Or that Kishimoto wanted them to hold hands at the end of vote 2 but the editors rejected it, so he blew off their arms instead?
There are so many rumours.
Hello Anon😊😊
I heard about all of this you have mentioned here and I can't find a valid proof for any of them.
Or that Kishimoto wanted them to hold hands at the end of vote 2 but the editors rejected it, so he blew off their arms instead?
However, the following link is the translation of the interview which answers your second part of the question, and many more (like why he killed neji, why he made hinata as a heroine, decision on Edo tensei, etc).
LINK
Apparently, Kishi wanted to do the Unison Sign between them but then they can't do it because their hands were blown off. So he made Hashirama's and Madara's statue to do it. He decided to do that panel from Part 1 itself. So, I think he always wanted to blow their arms off I guess.

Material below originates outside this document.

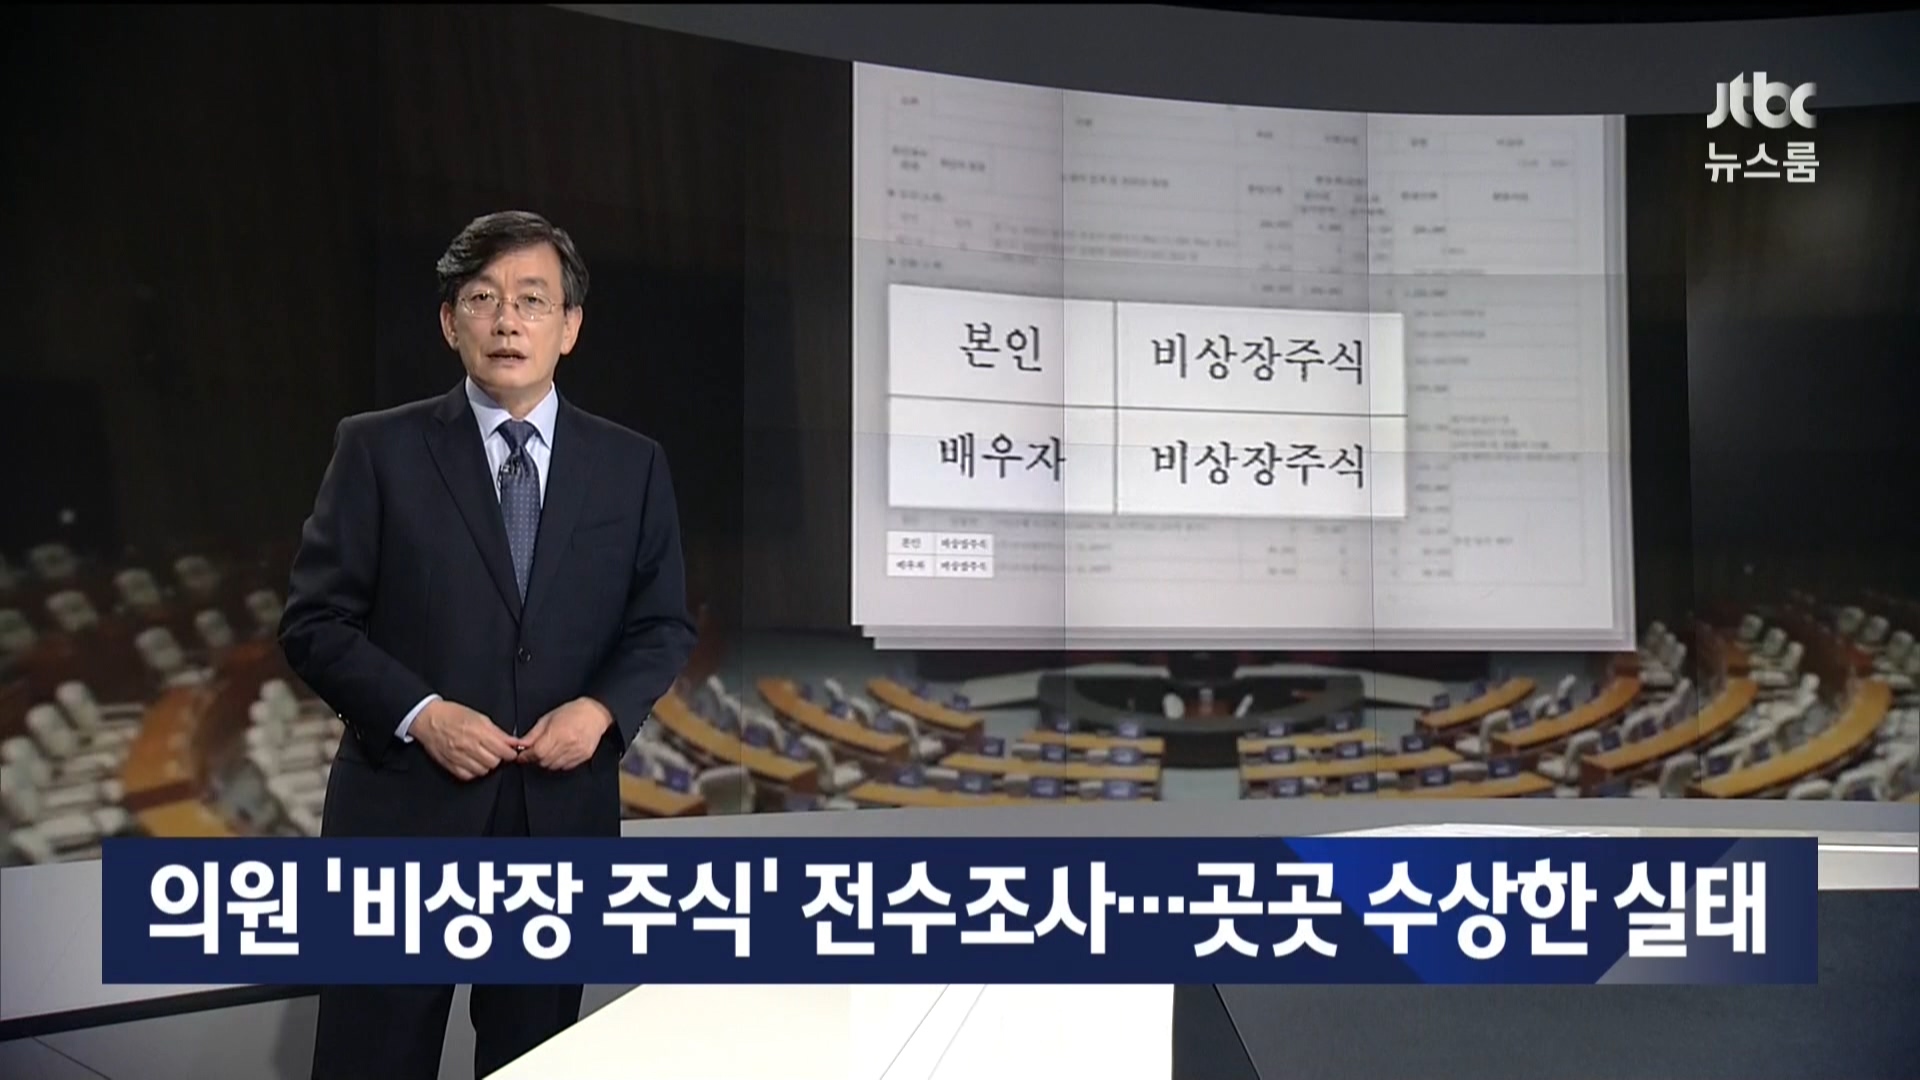 JTBC 비상장주식(7월 좋은 보도 방송부문).jpg

My observations seems to align with this interview in many aspects. So, It was a good read.
Anyway, I don't want to go around and base my arguments based on Kishi's interviews alone. Every actor and actresses promotes their movie and say many things in an interview. But audience evaluate them only through their works. Not by interviews. Same with Kishi's case too.
Is it true that Kishimoto said he liked shounen ai? Or that he considered Naruto ending up with Sasuke? But studio was against it? I didn't see any source.

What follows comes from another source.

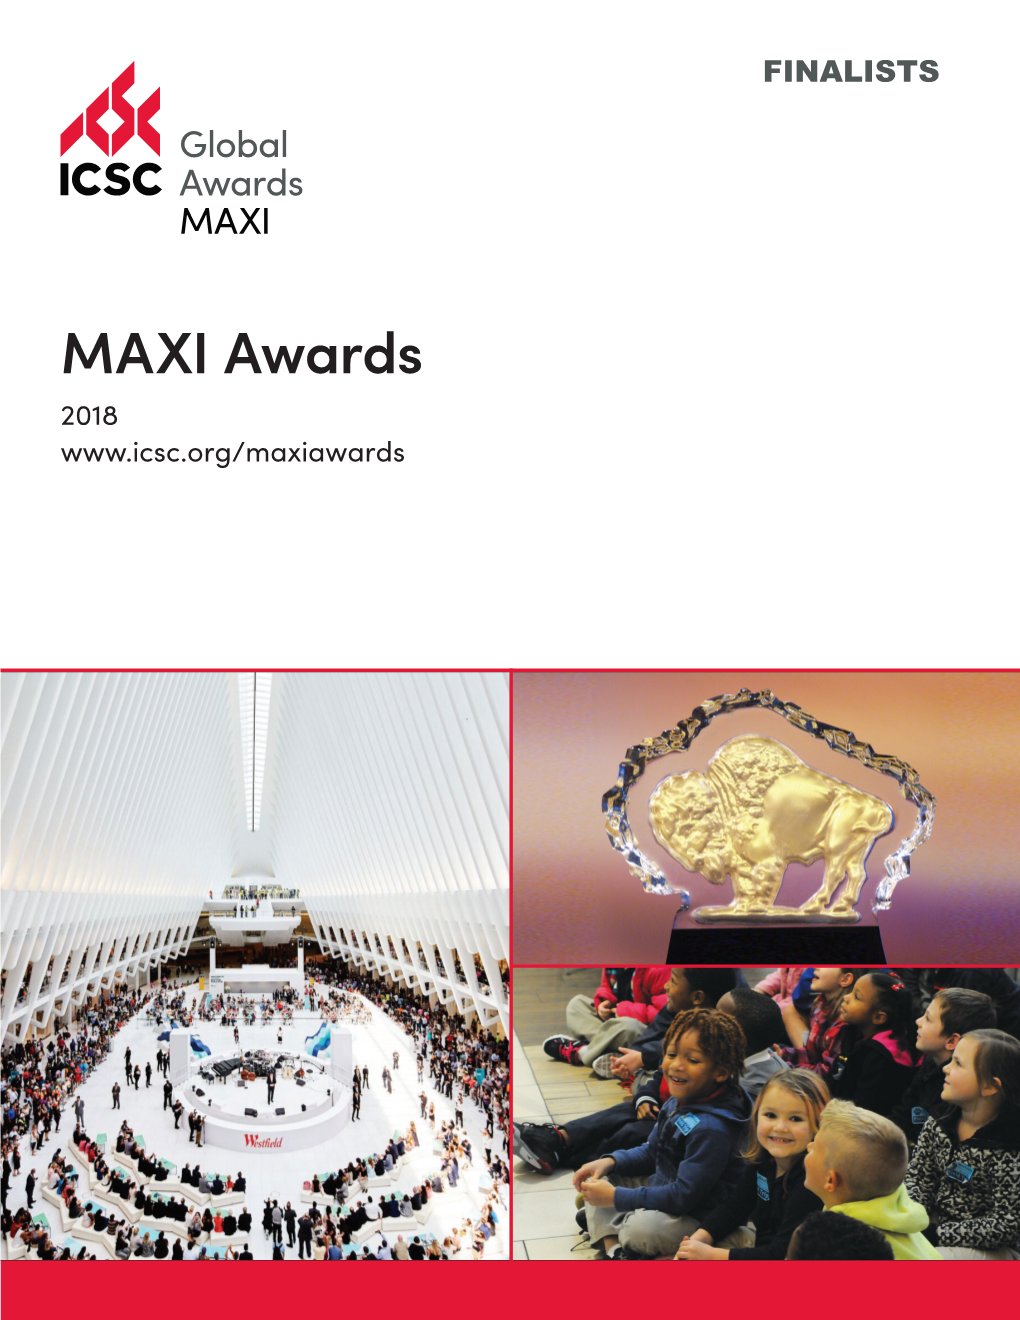 MAXI Awards 2018 2018 MAXI AWARDS FINALISTS

As for the 'shounen-ai' or 'boy's love' part, I never found any trustworthy sources that claims Kishimoto said that he wanted to do shounen-ai. So, probably that’s just rumour.
But
If you ask me, objectively, how I feel about Kishi's works and is there any relevance to shounen-ai?
I would instantly say, 'Hell, Yes !!!!!!!!!'.
Anytime he designs a poster featuring Naruto and Sasuke, Kishi just painted blatant 'sensual vibes' in some of them which screams 'shounen-ai' to me. Their looks are designed in a suggestive manner which makes us think 'Are they just friends?'
I believe, Kishimoto clearly knew this is a shounen manga. So, he knew his limitations and never hoped them to end up together kissing and marrying. 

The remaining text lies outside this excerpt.